Voting has begun for the 2020 territory election, with a record number of Canberrans casting their votes when polls opened on Monday.
As of 4pm Monday, 7300 Canberrans had already visited the ballot box, including Chief Minister Andrew Barr and his family.
It was almost triple the number of votes cast on the first day of early voting in 2016.
It came as Mr Barr hit out at the Liberals and the Greens for failing to submit any policies to Treasury for costing in time for the start of voting.
As of Monday, Labor was the only party to have policies submitted on the ACT Treasury website.
"It's incumbent upon all parties who would seek to form government, or be part of a government, or seek to form a parliamentary agreement with a major party to put their policies in for costing," he said.

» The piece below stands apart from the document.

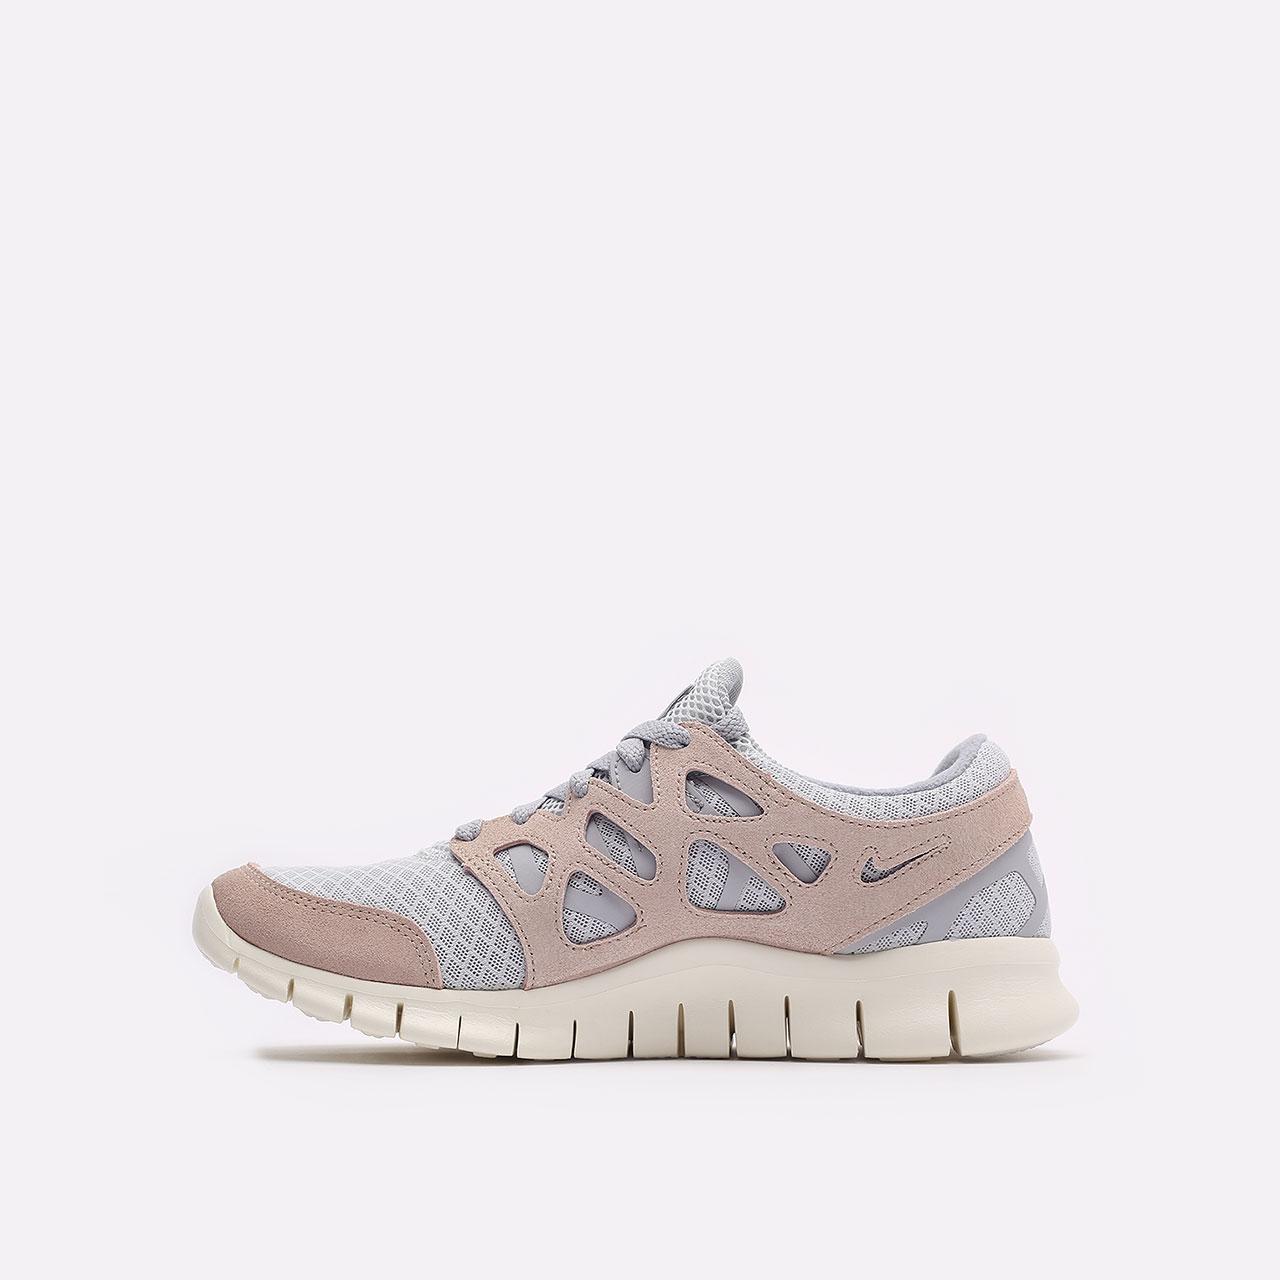 мужские бежевые  кроссовки nike free run 2 537732-013 - цена, описание, фото 2

"The sooner they do so the better, so that voters can know whether their policies stack up and are deliverable or not, and the parties can explain how they will pay for the commitments that they're making.

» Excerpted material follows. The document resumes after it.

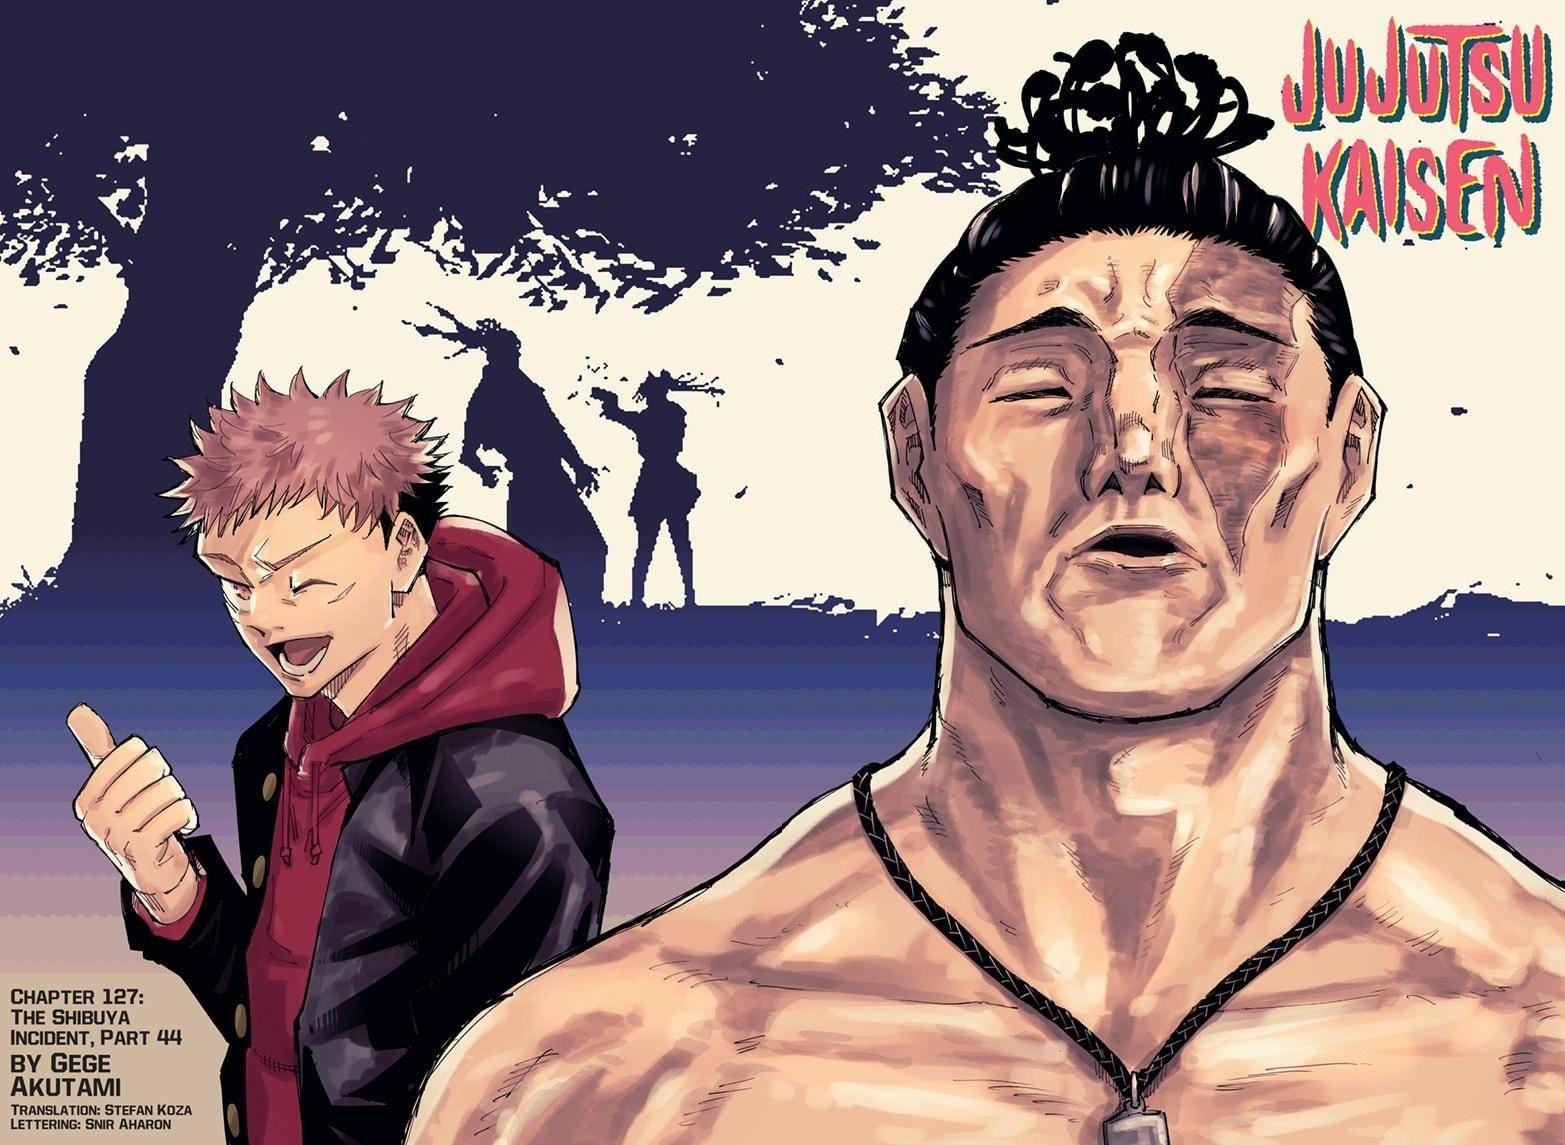 Jujutsu Kaisen Chapter 127 Pg 2 3 Jujutsu Manga Covers Art Reference Poses

"There have been some extravagant commitments made, particularly by the Canberra Liberals in forgoing hundreds of millions of dollars in revenue and then seeking to spend nearly a billion dollars in new commitments.
"They have to explain how they will be paid for and they have to start submitting costings into the treasury process."
Greens Leader Shane Rattenbury said the party submitted three policies for costing on Monday afternoon.
He said all the Greens' major election commitments would be costed.
Mr Rattenbury said the party had been detailed in its policy announcements, but the costings would provide independent verification.
"I certainly think it's important your key policies, particularly where they've had a strong focus in the election campaign, do get costed," he said.
Liberal Leader Alistair Coe said the party would be submitting policies to treasury in the coming days.
"The Labor-Greens government has had access to the treasury for 19 years, the Canberra Liberals have had access for less than 19 days," he said.
"We have of course, with each policy announcement released the cost of the policy and will be complying with the treasury process.
"The Canberra Liberals are proud of the commitments already made, and we look forward to making more commitments over the coming days and weeks.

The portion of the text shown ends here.